> What is required:
What is needed is a word-for-word copy of the lines below from the one with "The United Kingdom's 'Resist' framework." through the one with "Windshield Sunshade For", both included, with every picture left out.

> Material for this exercise:
######
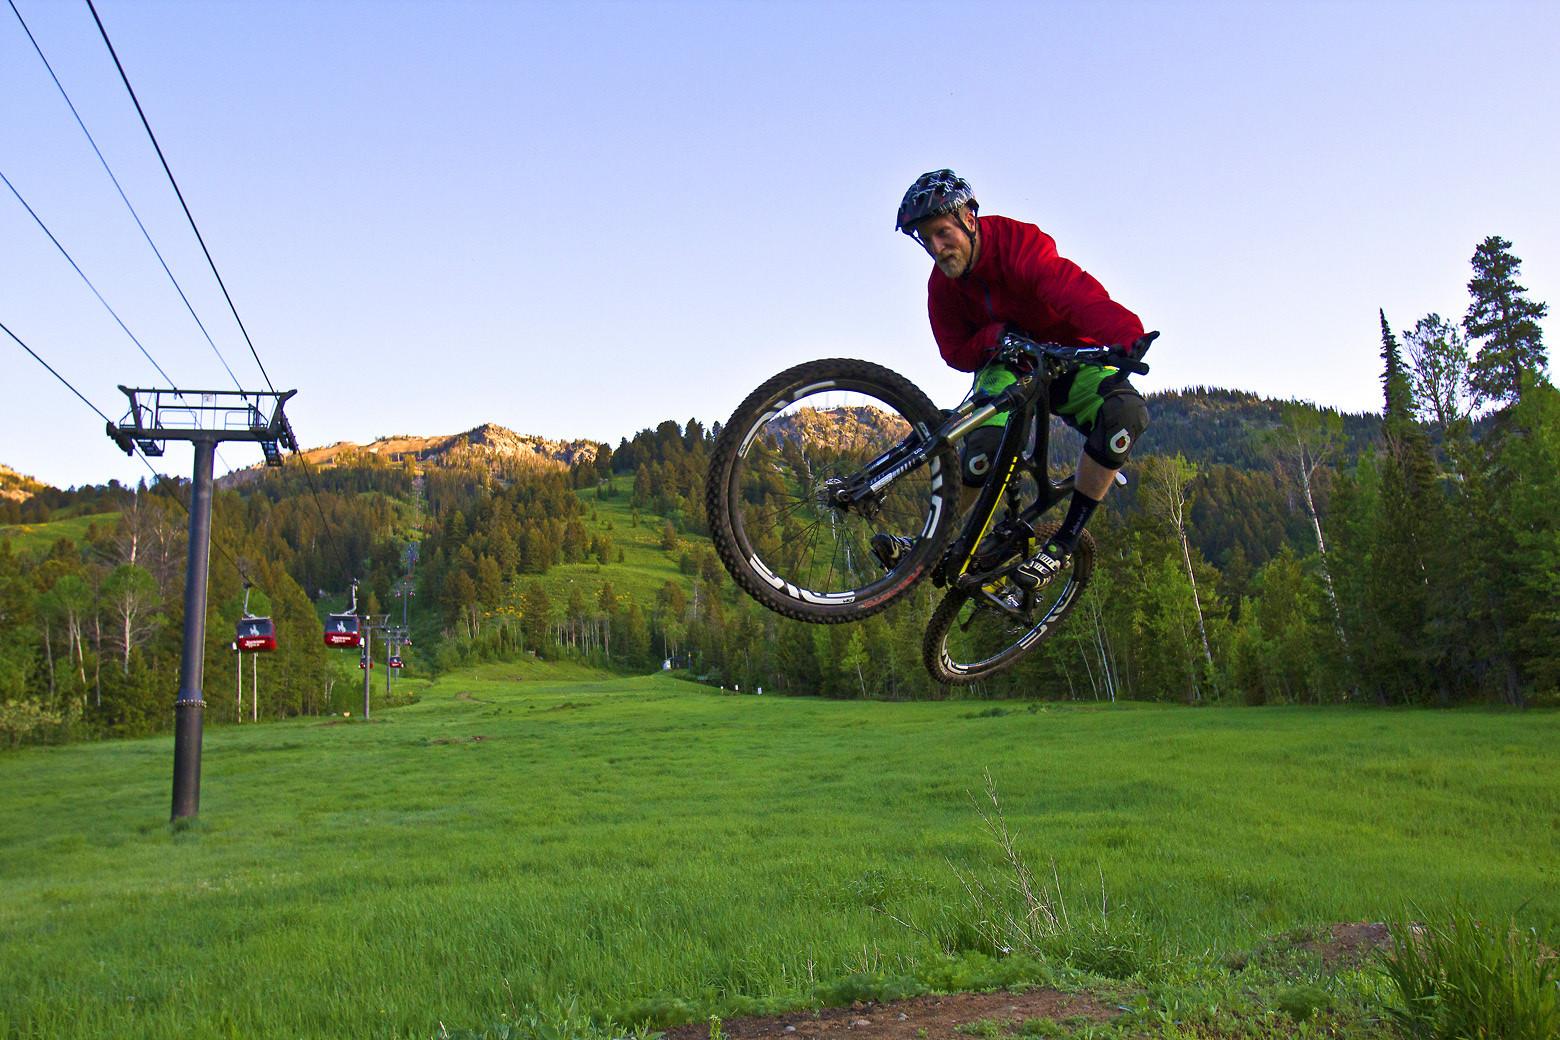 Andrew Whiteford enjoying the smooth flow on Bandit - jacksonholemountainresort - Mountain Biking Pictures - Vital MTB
######
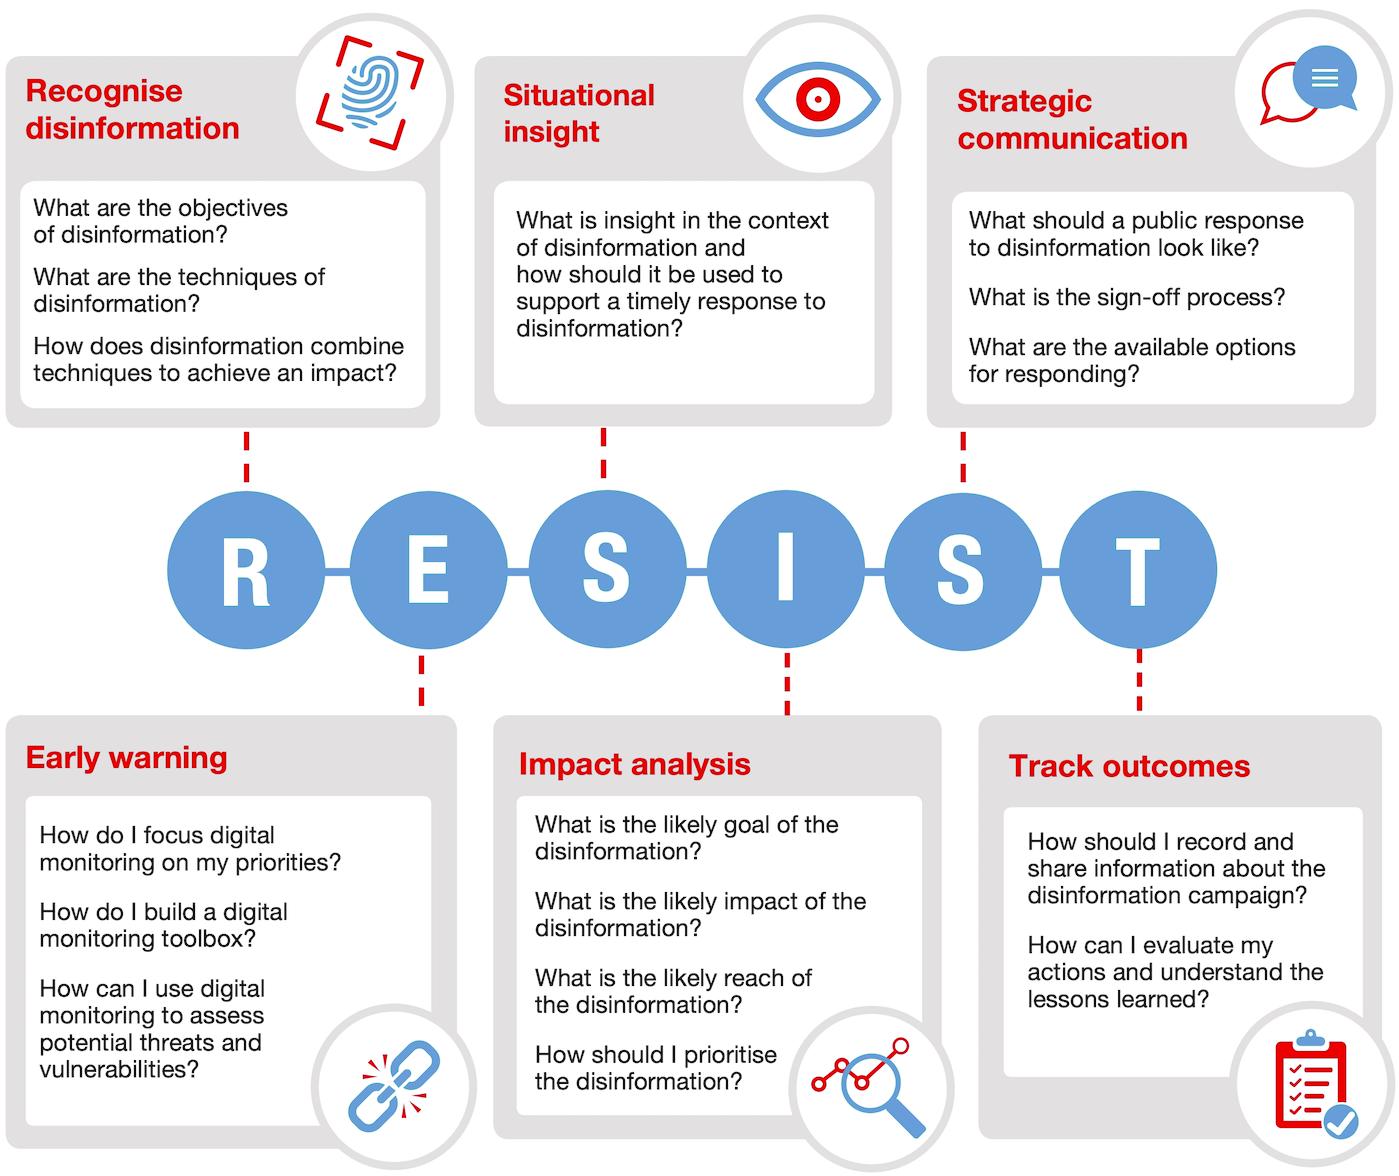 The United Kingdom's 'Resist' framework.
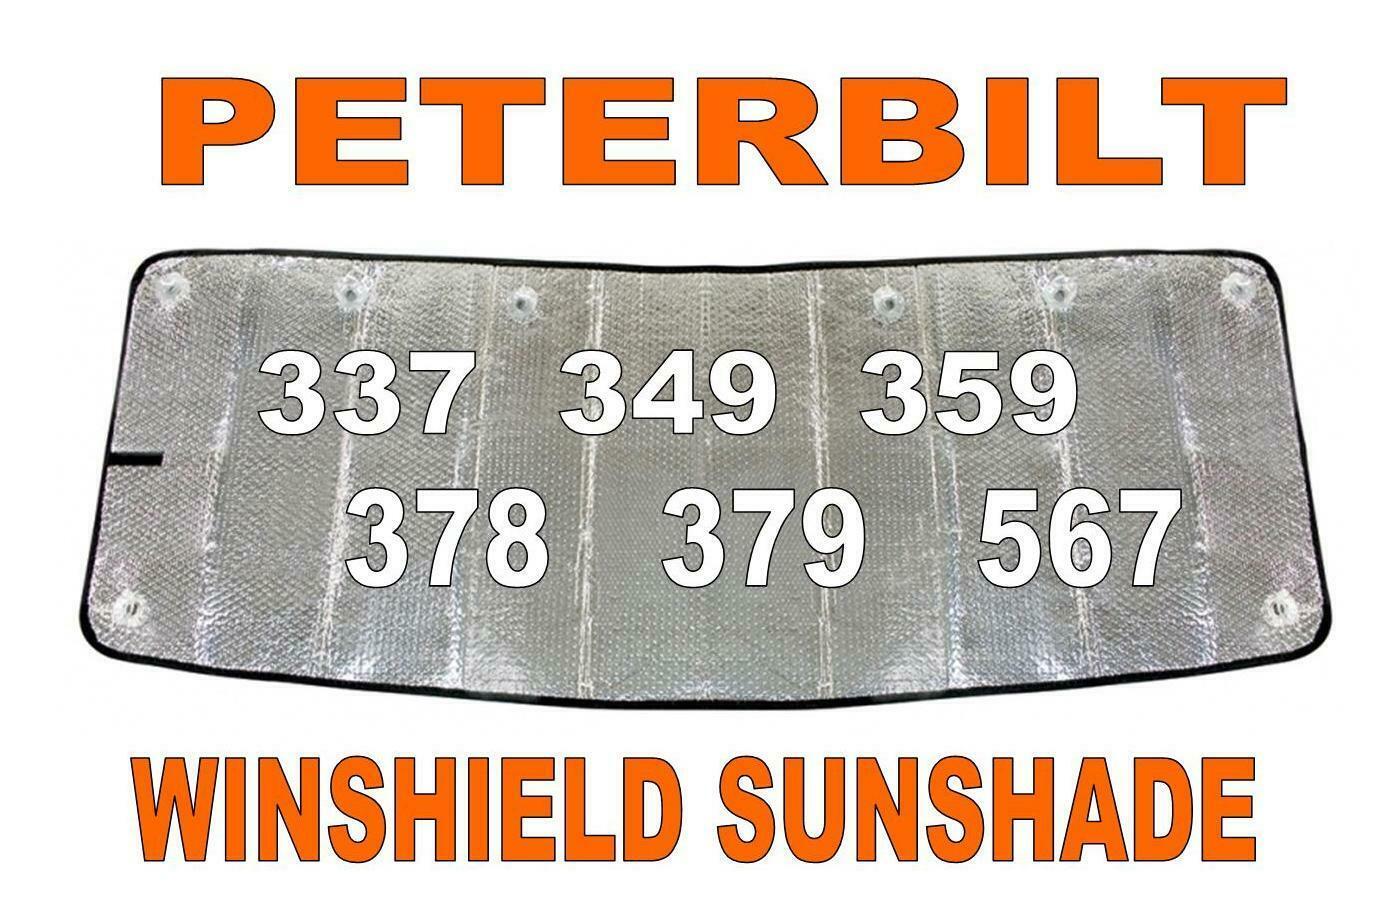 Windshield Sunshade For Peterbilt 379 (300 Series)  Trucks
######
> Exercise result:
 The United Kingdom's 'Resist' framework.
 Windshield Sunshade For Peterbilt 379 (300 Series)  Trucks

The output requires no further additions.